With additional analysis, Acquisti said, the researchers were able to discern that the serial numbers are issued sequentially, in a way that ties them to the holder's birth date.
"The SSA believes that scheme is so complex that it's sufficiently random," he said. "We show it is way less random than apparently they believe." As a result, instead of a the four digits yielding a 1 in 10,000 chance in guessing SSNs, he said he can improve the odds to at least 1 in 1,000, and in some cases, far less than that.
The Social Security Administration seems to agree with Acquisti on this issue. In its statement to msnbc.com, the agency said that "for reasons unrelated to this report, the agency has been developing a system to randomly assign SSNs. This system will be in place next year."
Birth dates easy to obtain
For now, an attacker who wanted to guess someone's SSN would still need a birthday and hometown, but these data points are readily available from a number of sources. Many people volunteer such information on social networking sites like Facebook. Voter registration lists and other public databases also include such information, and it is often available for a small charge (or free) from data brokers that operate on the Internet.
There are additional challenges in guessing SSNs for residents born before 1988, because many older Americans did not receive a Social Security number at birth -- so their hometown and their Social Security number application zip code might differ. But beginning that year -- in a move ironically intended to combat fraud -- the Social Security Administration began forcing many families to order SSNs at birth, thereby eliminating one more element of chance for a would be SSN-guesser. It's far easier to guess SSNs for anyone born in 1988 or later, Acquisti said.
The formula for issuing the numbers is, in fact, not designed to withstand attacks from cryptography experts or mathematicians. It was invented in 1936 as a simple numbering system for paper file cabinets.

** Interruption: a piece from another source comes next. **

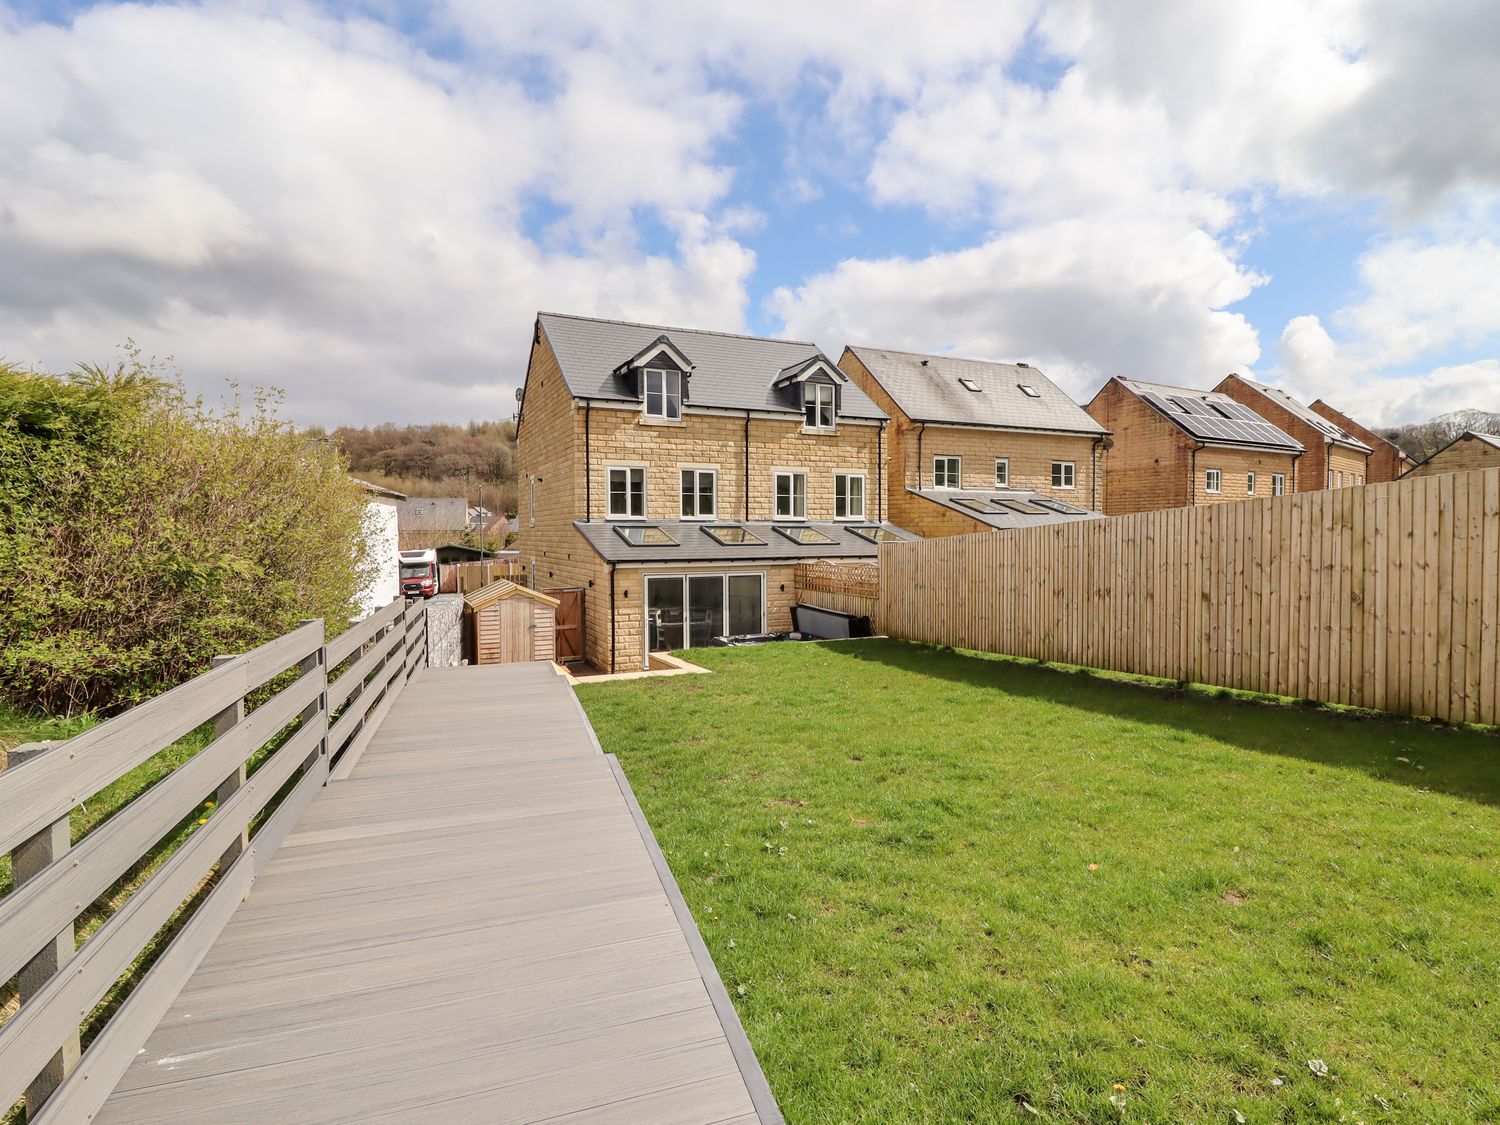 Cheshire View in Buxton, Derbyshire. 4 bedroom home with hot tub, enclosed garden, and chic interior

"This was before there were computers," Acquisti said. "SSNs were never designed for the purpose we use them."
The group is not disclosing the precise formula, because doing so would be akin to publishing the list of all Social Security numbers. But Acquisti said one "provocative" strategy that government officials might take: Setting a date in the future -- perhaps in three to five years -- where all SSNs are made public, so companies and government agencies stop using SSNs for security purposes.
He called current efforts to protect Social Security numbers from public view "well intentioned, but misguided."
The researchers recommend that the Social Security Administration immediately implement a much more random formula for generation SSNs. But that won't help the millions of Americans whose SSNs are now easily guessable. For that, there is only one answer, the report says:
"Industry and policy-makers may need, instead, to finally reassess our perilous reliance on SSNs for authentication and on consumers' impossible duty to protect them," it said.